Task requirements —
Please write out the listing exactly, leaving each picture out.

The data —
+ + + + + + +

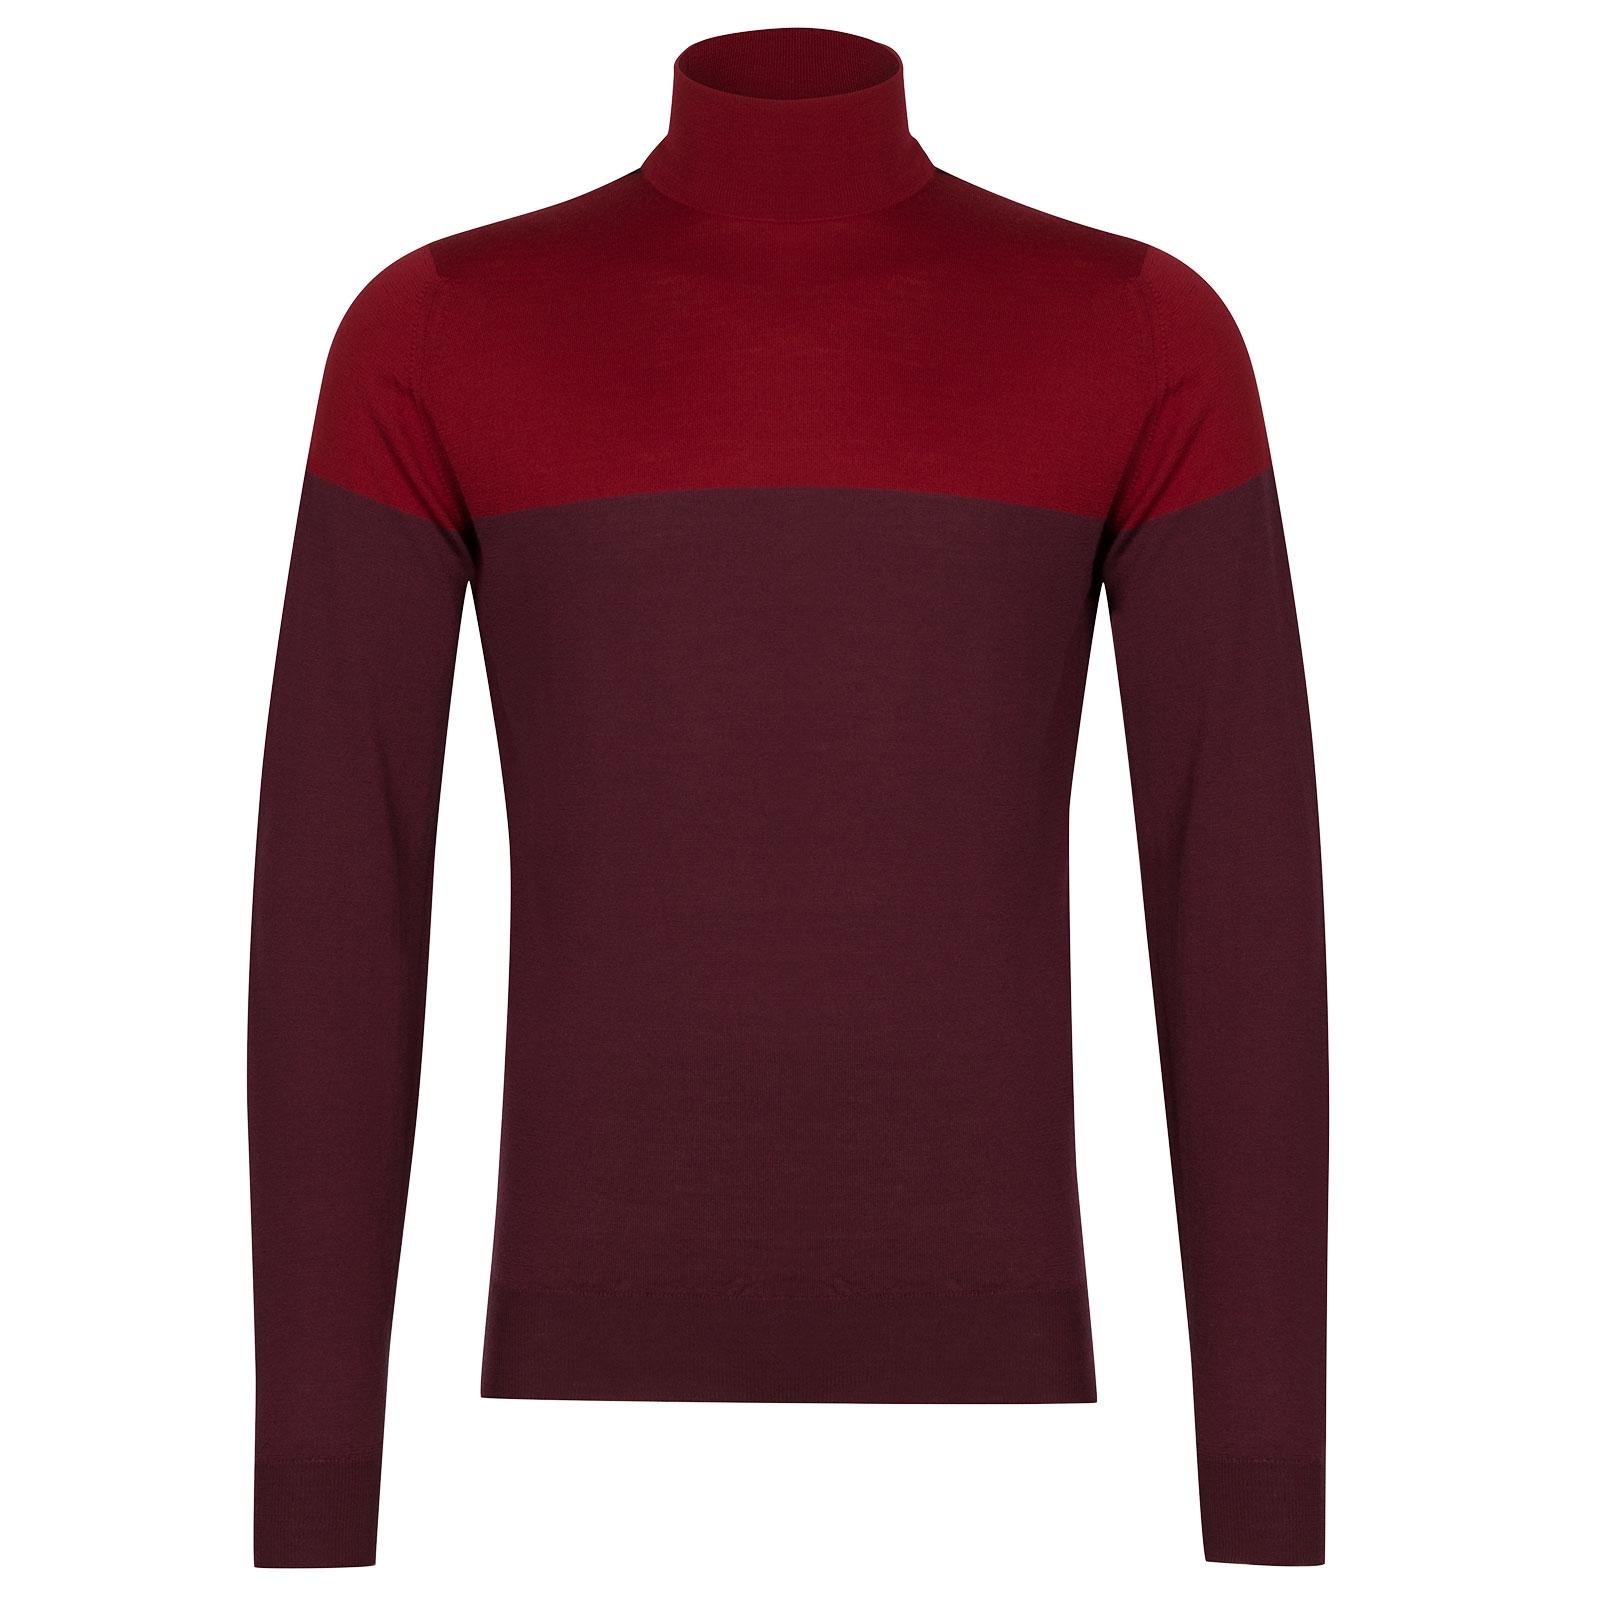 John Smedley Iago Extra Fine Merino Pullover in Bordeaux-XL
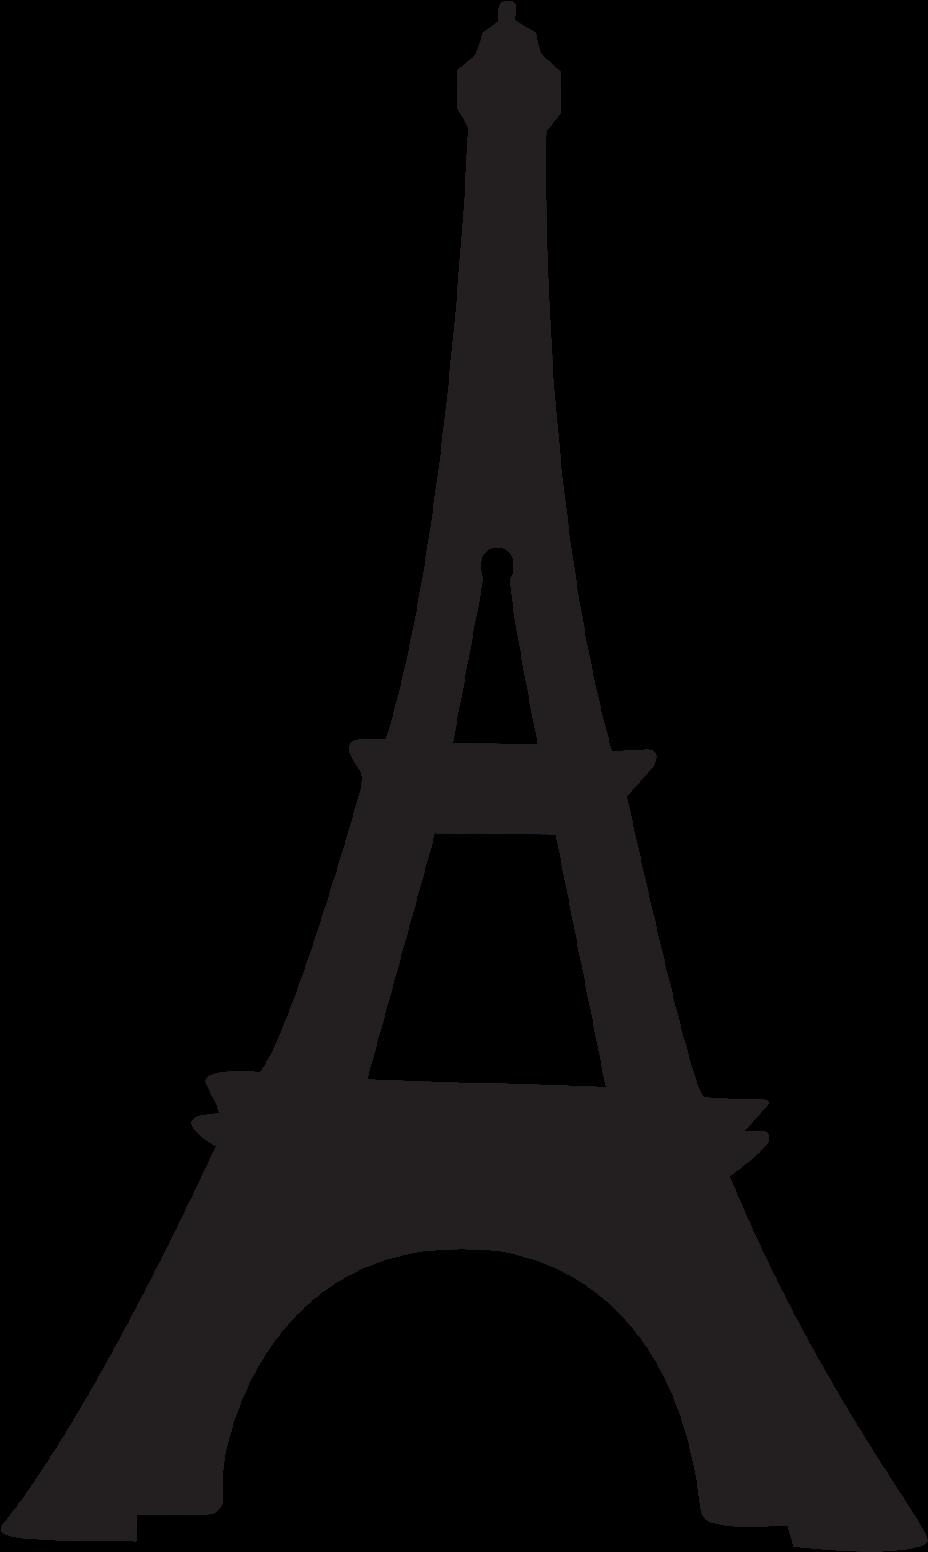 Sexy Paris Clipart Torres De Paris Dibujos Png Download Full Size Clipart 841283 Pinclipart
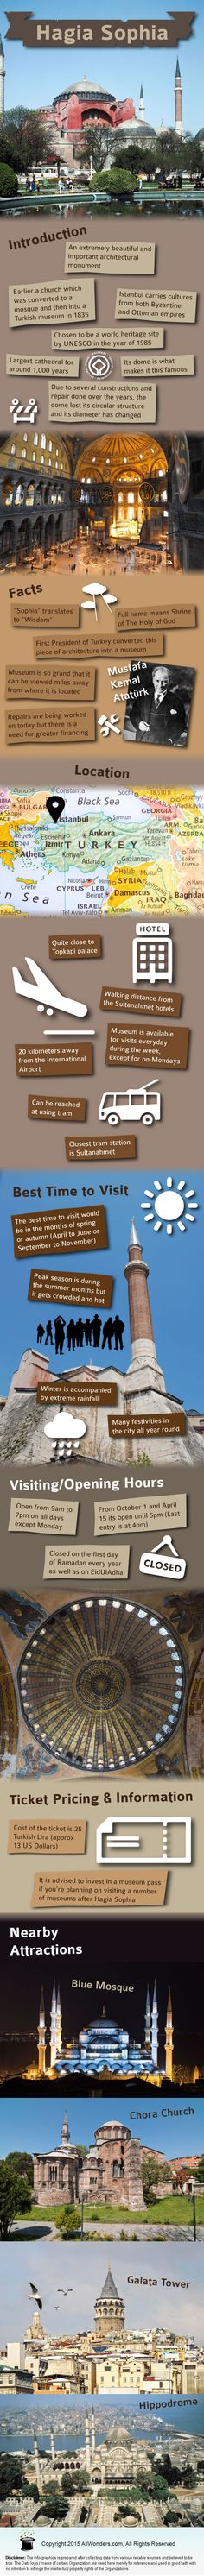 Hagia Sophia Infographic - Gather information about Hagia Sophia through this infographic.

+ + + + + + +

Written response —
 John Smedley Iago Extra Fine Merino Pullover in Bordeaux-XL
 Sexy Paris Clipart Torres De Paris Dibujos Png Download Full Size Clipart 841283 Pinclipart
 Hagia Sophia Infographic - Gather information about Hagia Sophia through this infographic.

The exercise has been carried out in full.